Acceleration: Five Forces Forging Real Estate’s Future
Linda Isaacson & Deborah Weinswig
In a Fireside Chat, Linda Isaacson of First American Title and Deborah Weinswig of Fung Global Retail & Technology will discuss how change is occurring in society and business at an ever-accelerating pace. How can the physical world of real estate adapt to an ever-shifting, virtual world of bits and bytes? Our panel of real estate experts will examine five forces (Demographic Polarization, Digitization, Globalization, Urbanization and Socialization) that will reshape our buildings and landscape in the near term—today, the only constant is change.
Where We Want to Live
Ryan Gravel AICP, LEEP AP
Close out the Carolinas’ Meeting with Ryan Gravel of Sixpitch.
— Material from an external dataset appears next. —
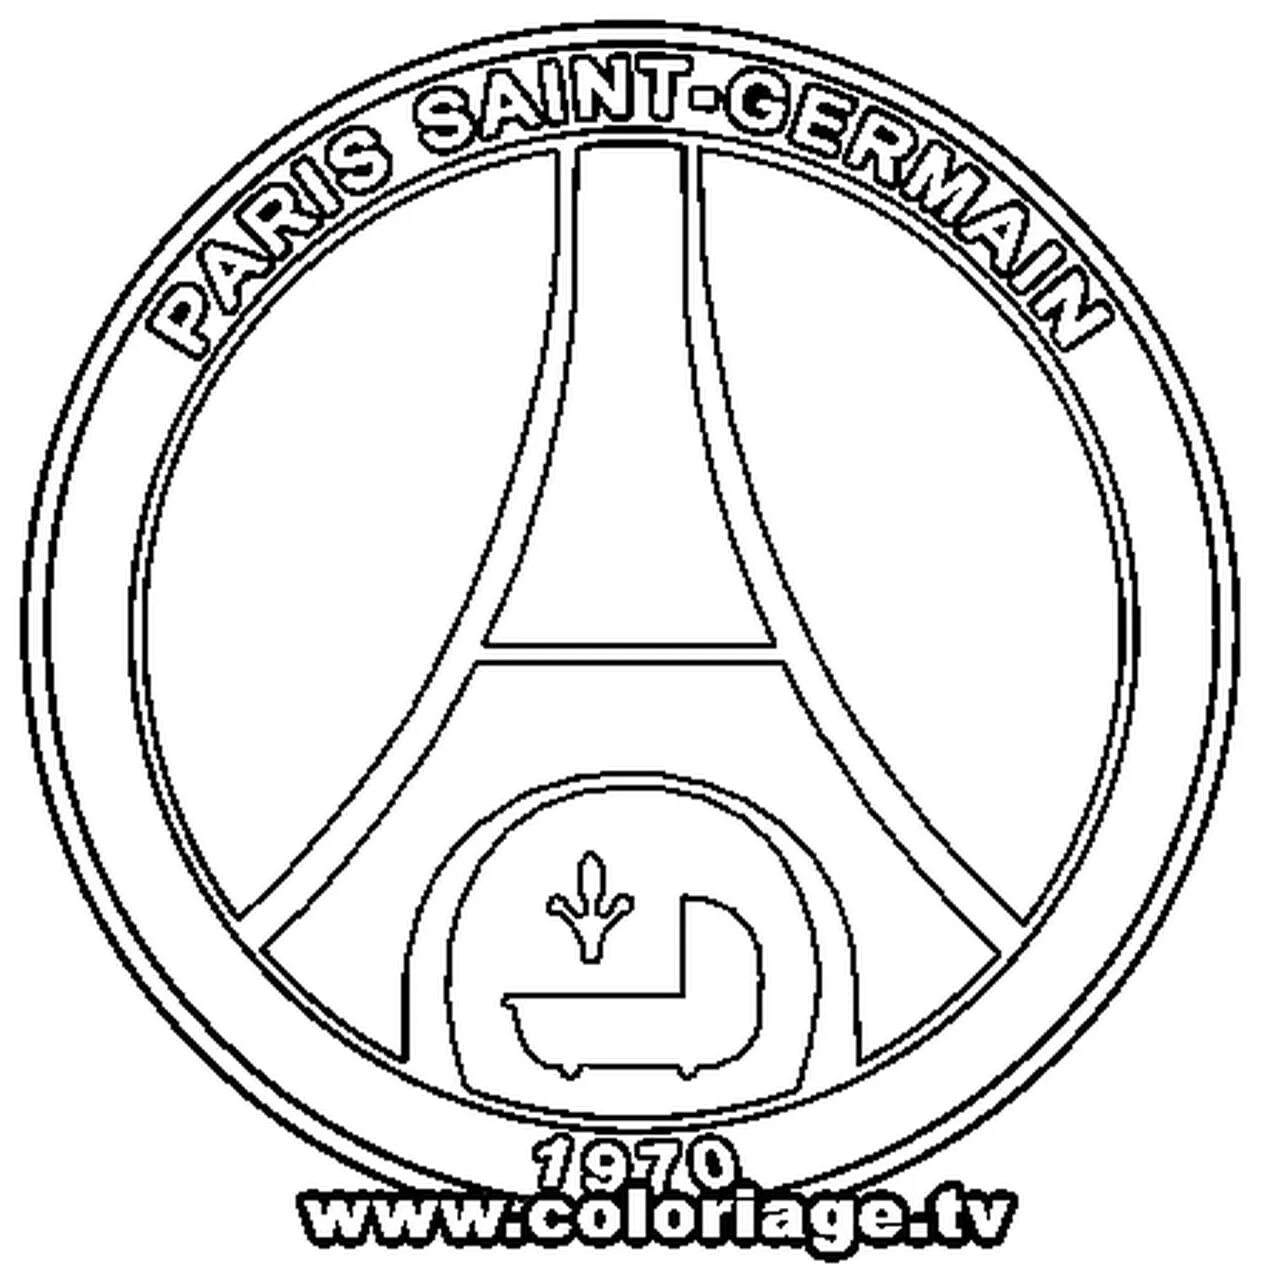 Amazing psg coloring page

After decades of sprawl, many American city and suburban residents struggle with issues related to traffic (and its accompanying challenges for our health and productivity), divided neighborhoods, and a non-walkable life. Urban designer Ryan Gravel makes a case for how we can change this. Cities have the capacity to create a healthier, more satisfying way of life by remodeling and augmenting their infrastructure in ways that connect neighborhoods and communities. Gravel came up with a way to do just that in his hometown with the Atlanta Beltline project. It connects 40 diverse Atlanta neighborhoods to city schools, shopping districts, and public parks, and has already seen a huge payoff in real estate development and local business revenue.
In Where We Want to Live, Gravel presents an exciting blueprint for revitalizing cities to make them places where we truly want to live.